TASK ITEM
The whole listing is to be given again without alteration, except that its pictures are dropped.
*** Opening GIVEN INFORMATION ***
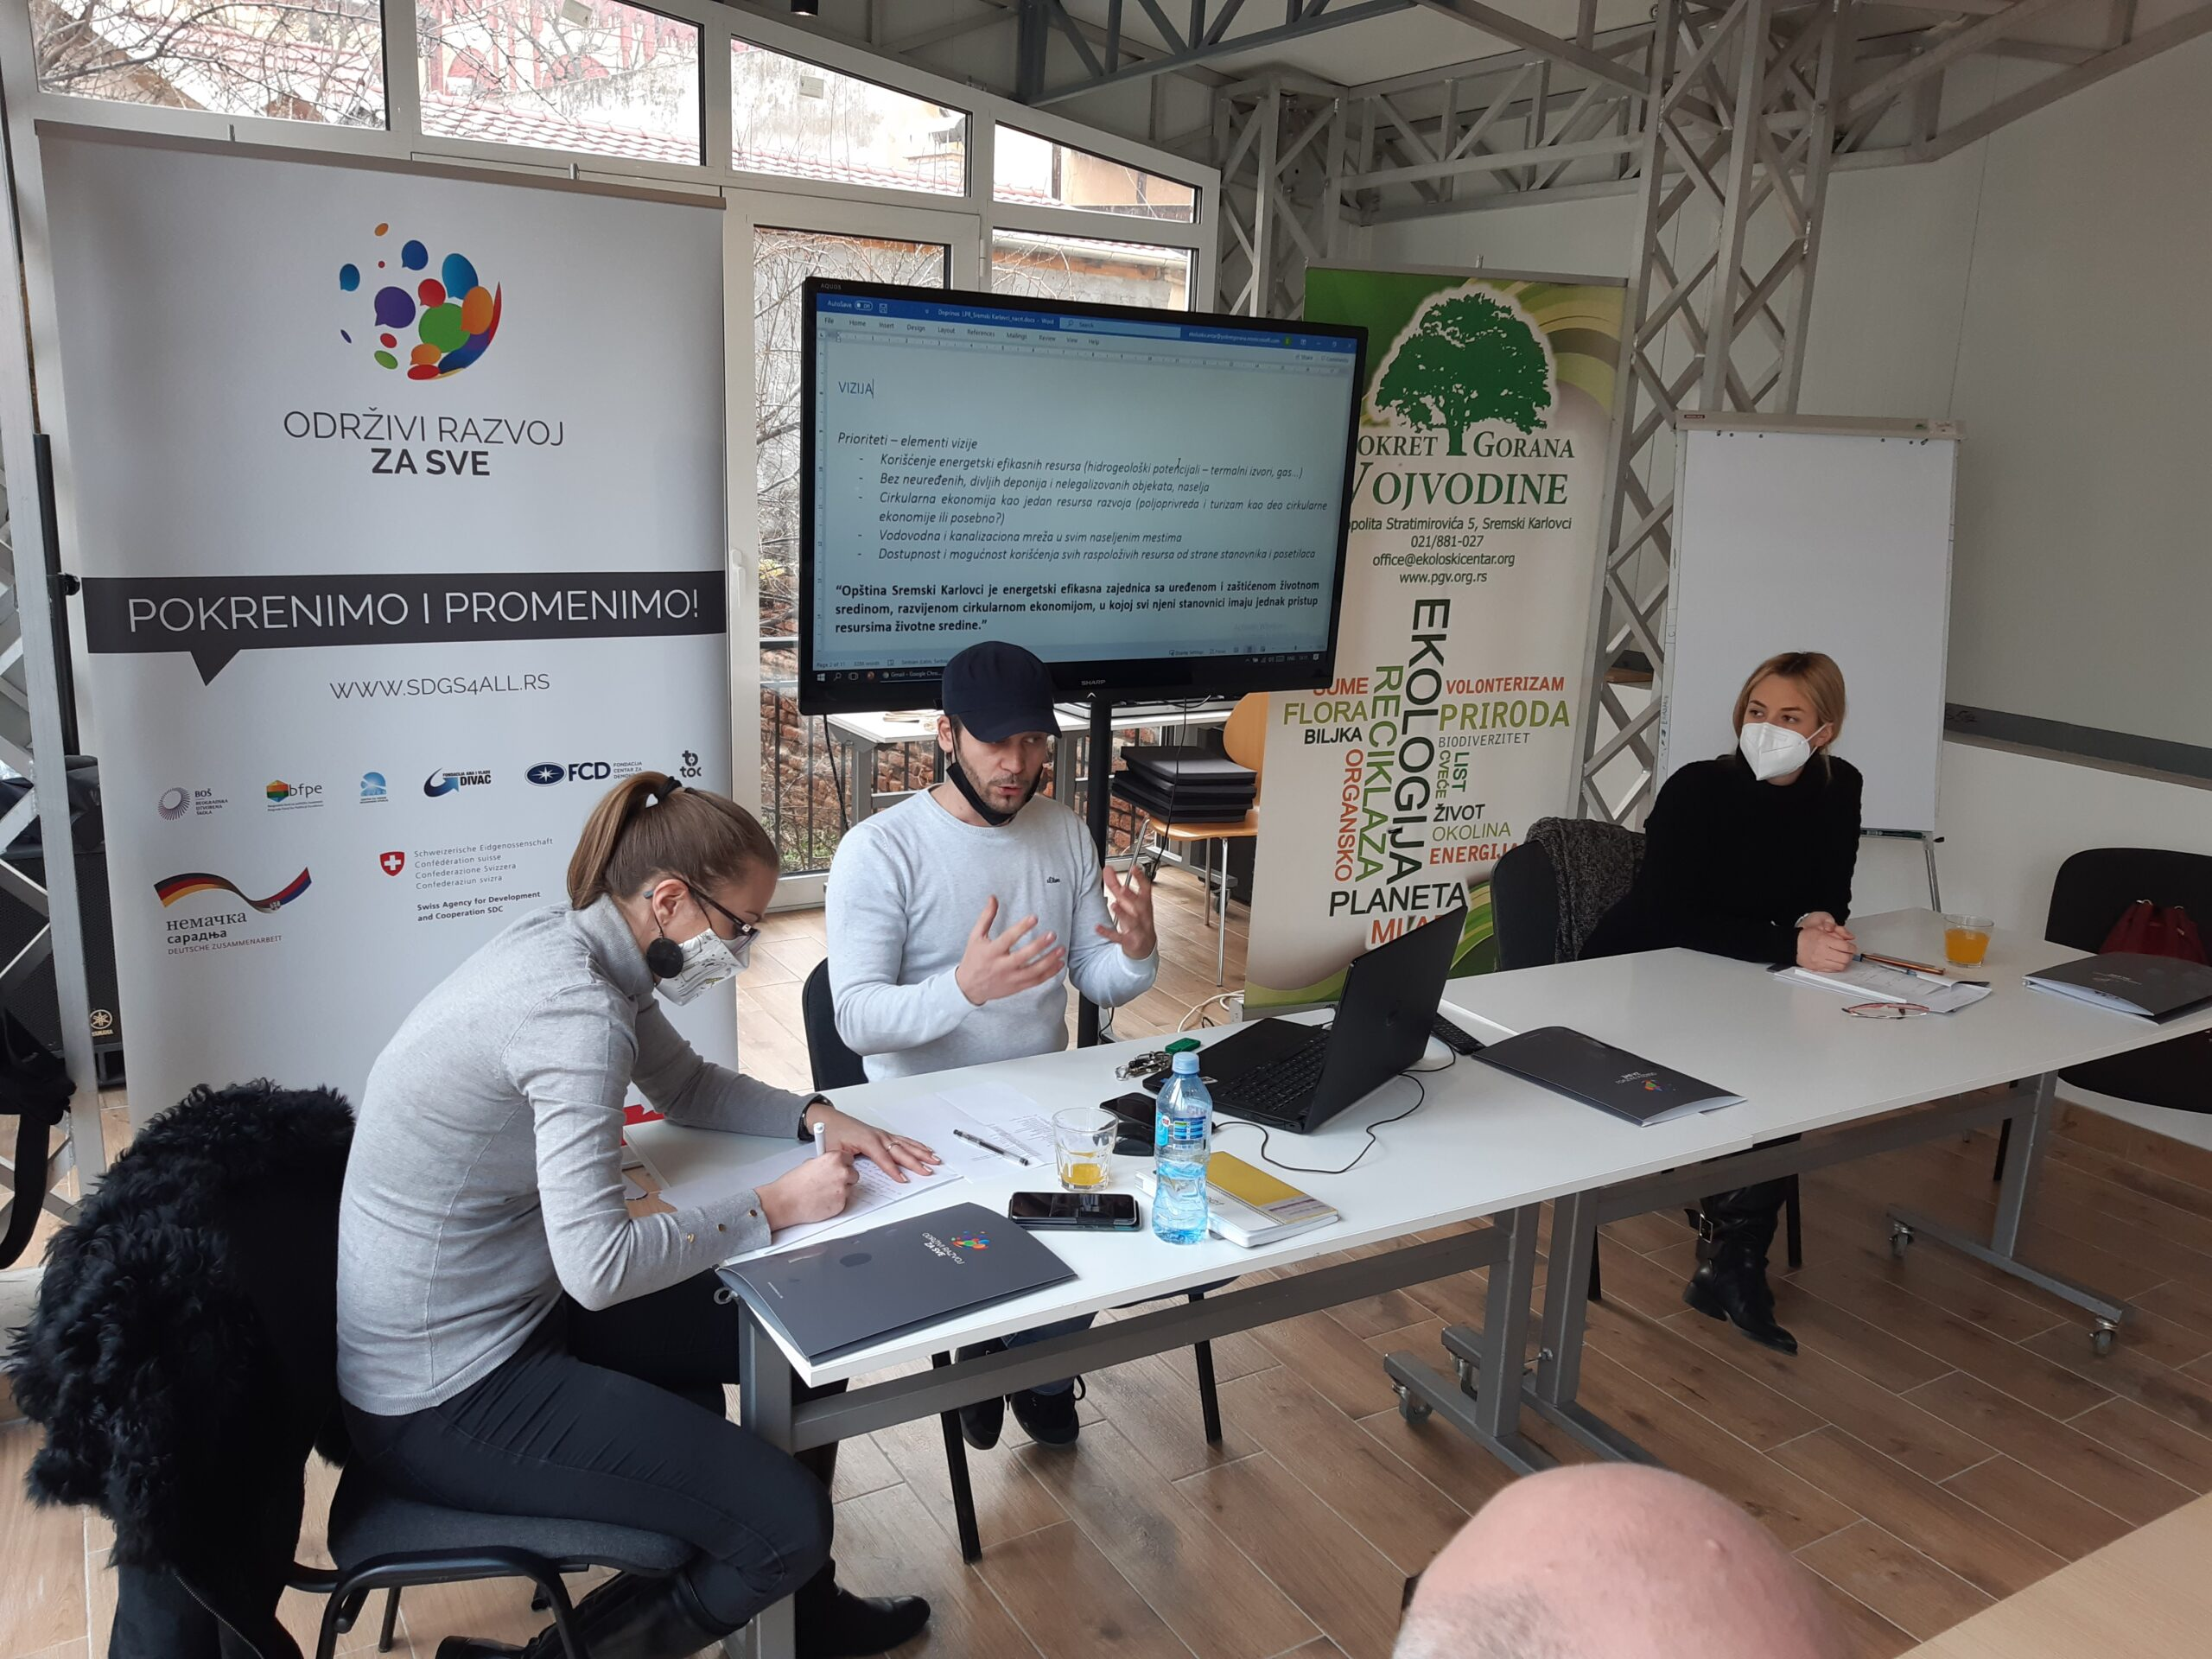 Sremski Karlovci i Priboj: u susret planovima razvoja i zdravijoj životnoj sredini
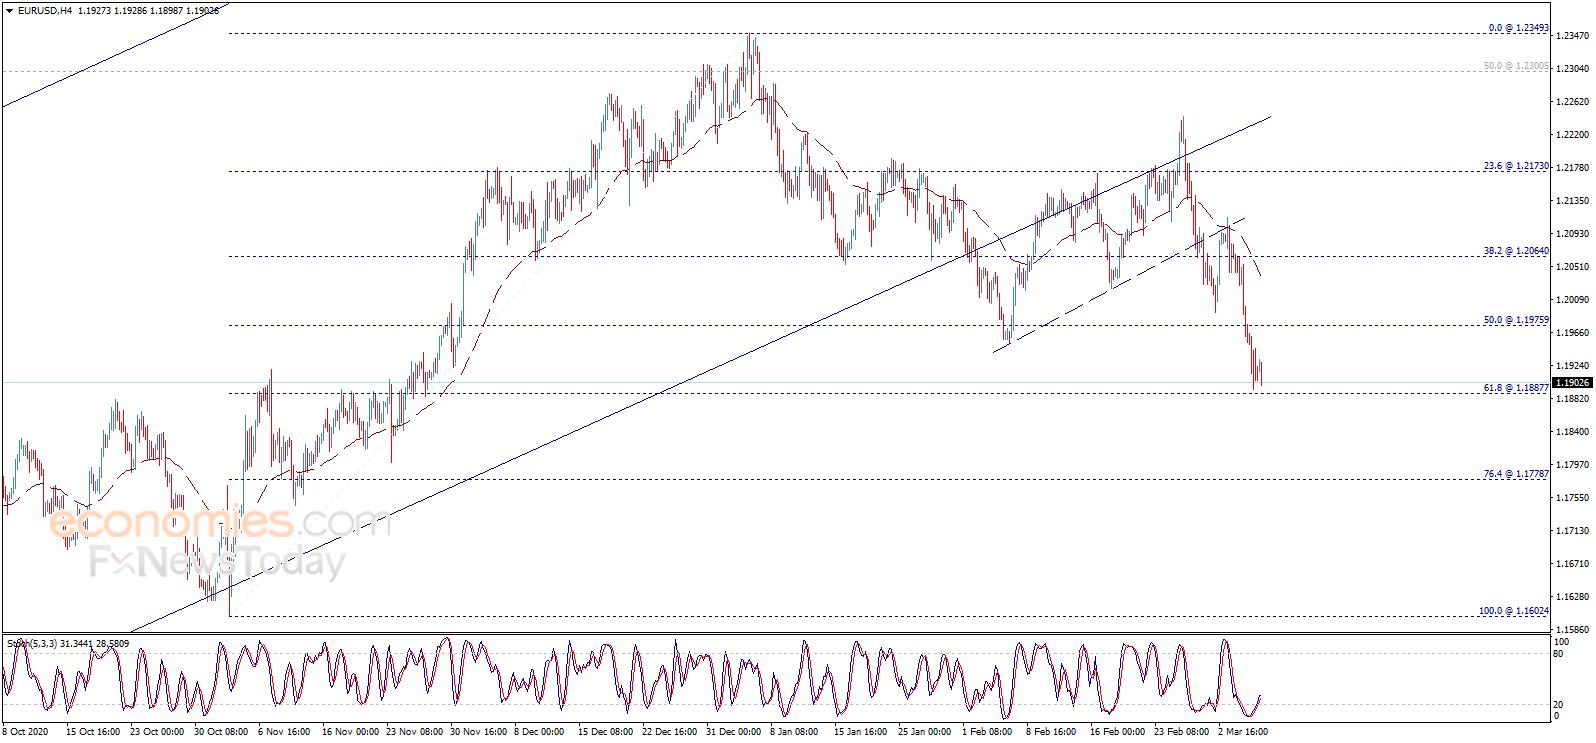 黄金突然一波急跌行情 欧元、英镑和日元交易分析
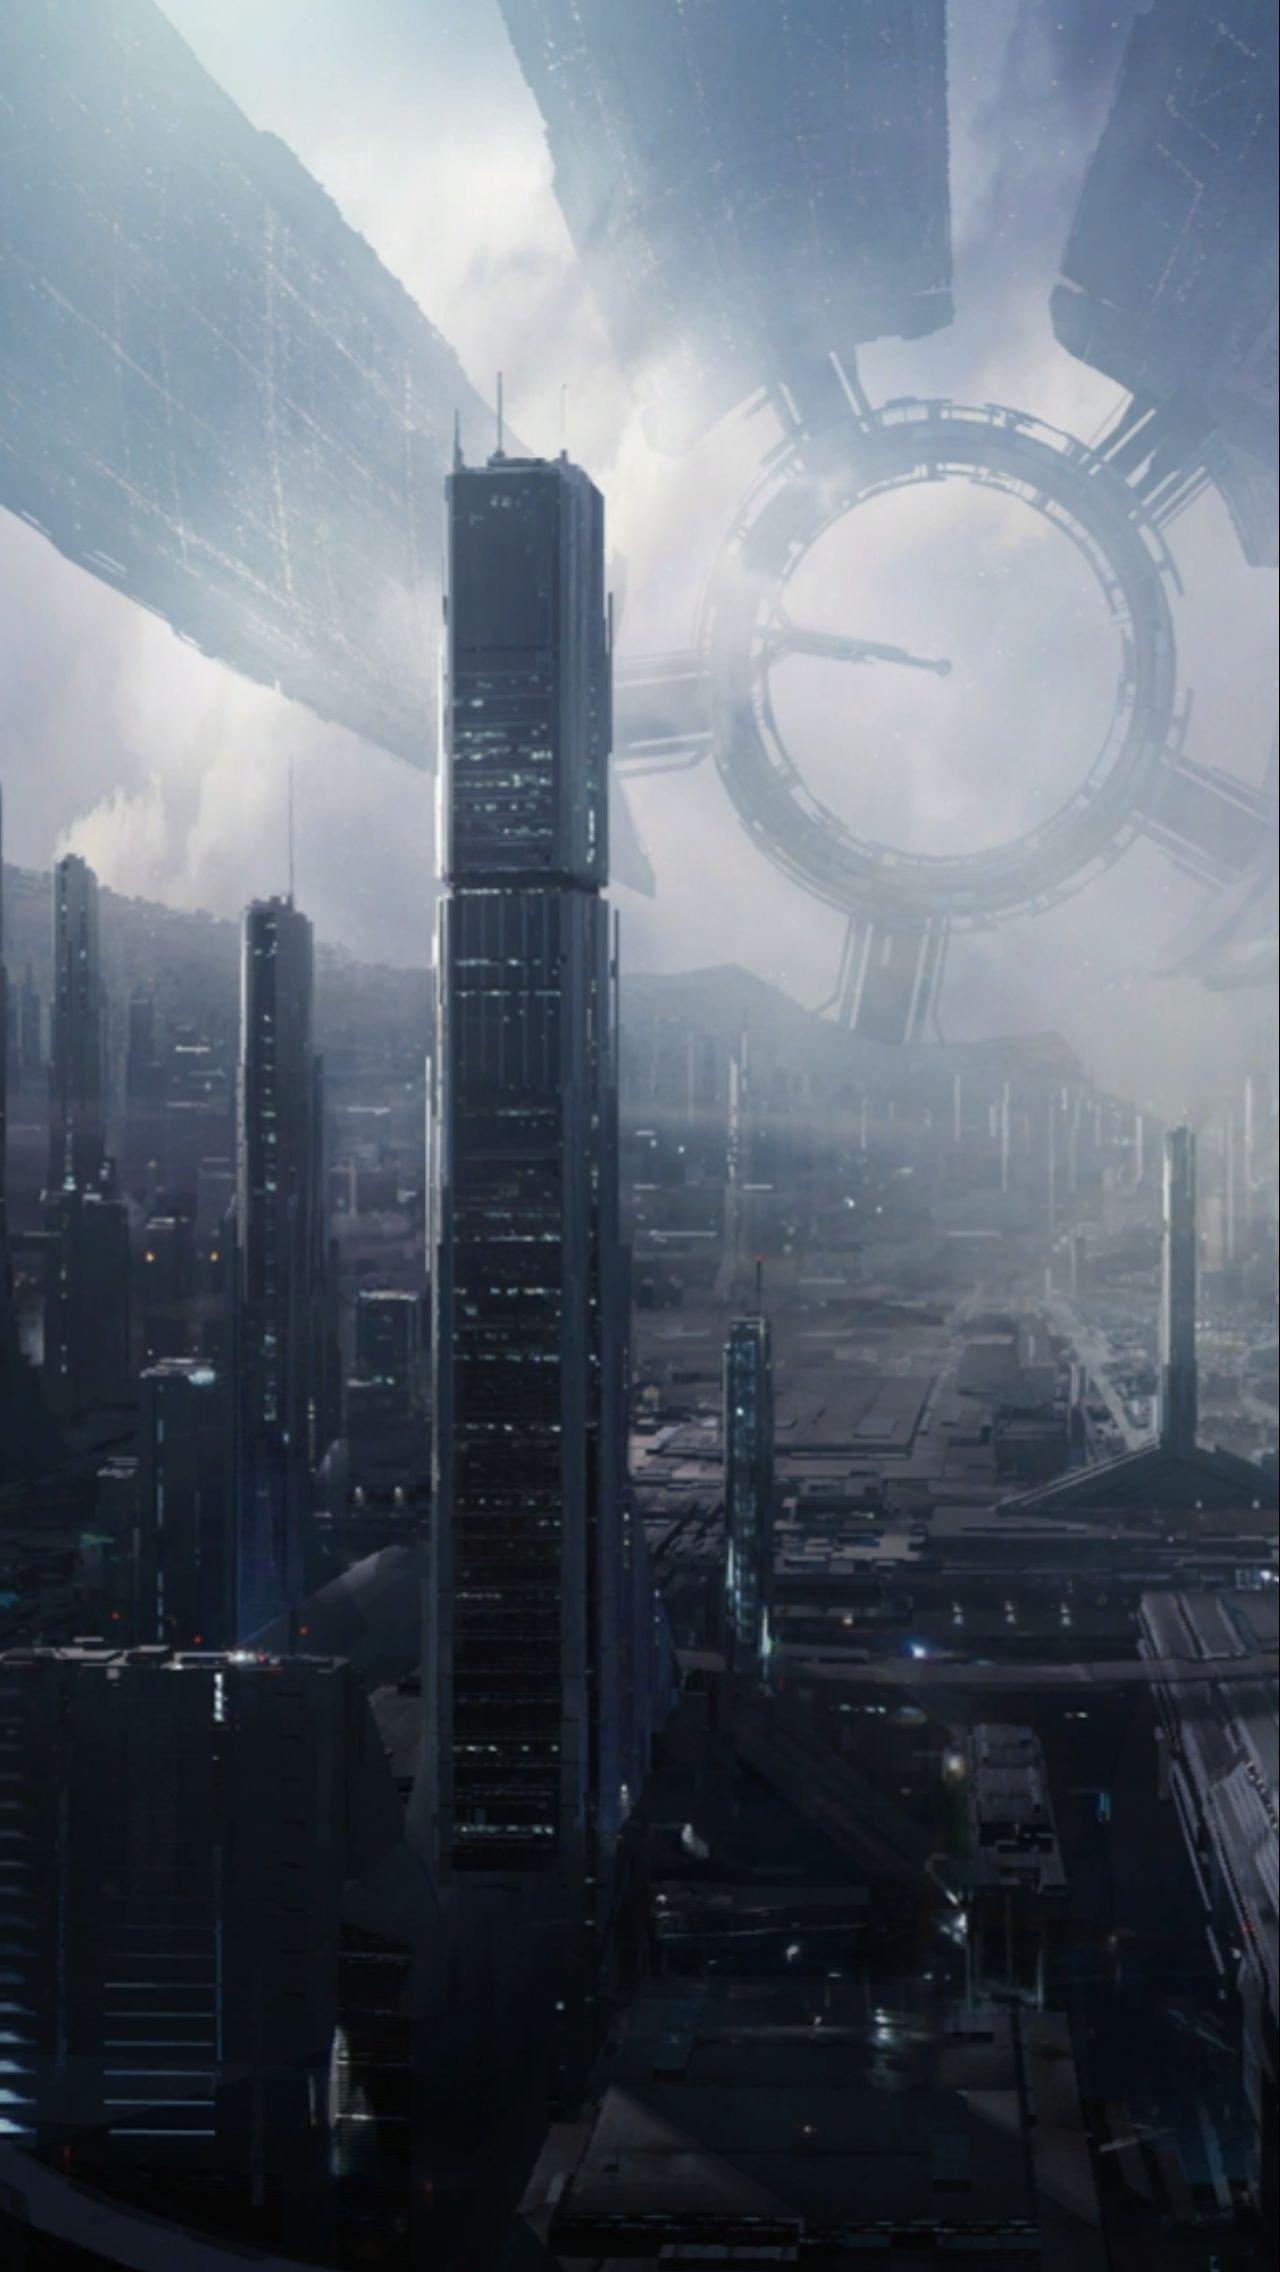 Цитадель (Mass Effect)
*** Closing GIVEN INFORMATION ***
OUTPUT FOR THIS TASK
 Sremski Karlovci i Priboj: u susret planovima razvoja i zdravijoj životnoj sredini
 黄金突然一波急跌行情 欧元、英镑和日元交易分析
 Цитадель (Mass Effect)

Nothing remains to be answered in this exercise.